31) dissolving copper sulfate or copper nitrate in pure water for later use;

32) adding the dissolved copper sulfate or copper nitrate water solution into the synthesized cubic zirconium phosphate carrier high-pressure reaction kettle, fully stirring, and reacting for 3 hours at the bath temperature of 120 ℃;

33) after reaction, carrying out suction filtration and washing, and removing impurity ions to obtain a cubic zirconium phosphate carrier containing copper ions;

(4) preparing silver-carrying ions:

41) dissolving silver nitrate in pure water for later use;

42) adding water into the washed carrier to prepare dispersion liquid;

43) adding the dissolved silver nitrate aqueous solution into the dispersion, heating to 65 ℃, and keeping the temperature for 2 hours;

44) fully washing the zirconium phosphate loaded with the silver ions by using pure water to wash out impurity ions;

(5) and (3) post-treatment of zirconium phosphate powder:

51) putting the washed zirconium phosphate into an oven, and drying at 120 ℃;

52) coarsely crushing the dried zirconium phosphate, and performing primary steam flow crushing;

53) placing the powder after the two-time crushing into a high-temperature electric furnace, roasting for 2 hours at 700 ℃, cooling to room temperature, and performing primary steam flow crushing to obtain copper-silver ion-loaded zirconium phosphate inorganic antibacterial powder;

54) packaging the copper-silver ion-loaded zirconium phosphate inorganic antibacterial powder.

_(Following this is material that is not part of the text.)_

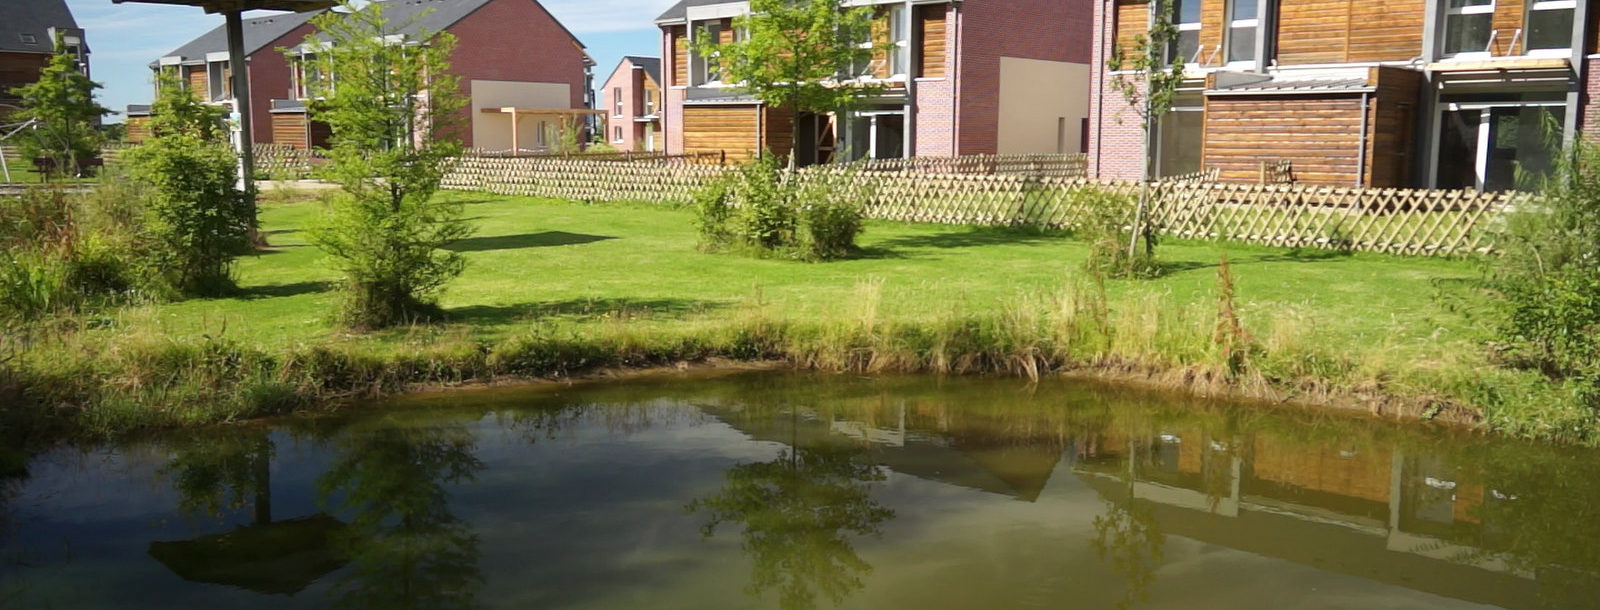 Circuit 05 : Urbanisme durable en milieu rural à Roncherolles-sur-le-Vivier

Preferably, in the above technical scheme, the soluble phosphate is one or more of sodium dihydrogen phosphate, sodium hydrogen phosphate, trisodium phosphate, potassium dihydrogen phosphate and potassium phosphate.

Preferably, in the above technical scheme, the pH of the copper-silver ion-loaded inorganic antibacterial powder is 3-4, the powder contains 1% of copper ions and 2% of silver ions, and the side length of the cubic zirconium phosphate is less than 1 micron; the structural site Cu of the cubic zirconium phosphate carrier containing copper ions in the step (3)_zNa_xH_yZr₂(PO₄)₃·H₂O, wherein x + y + z is 1.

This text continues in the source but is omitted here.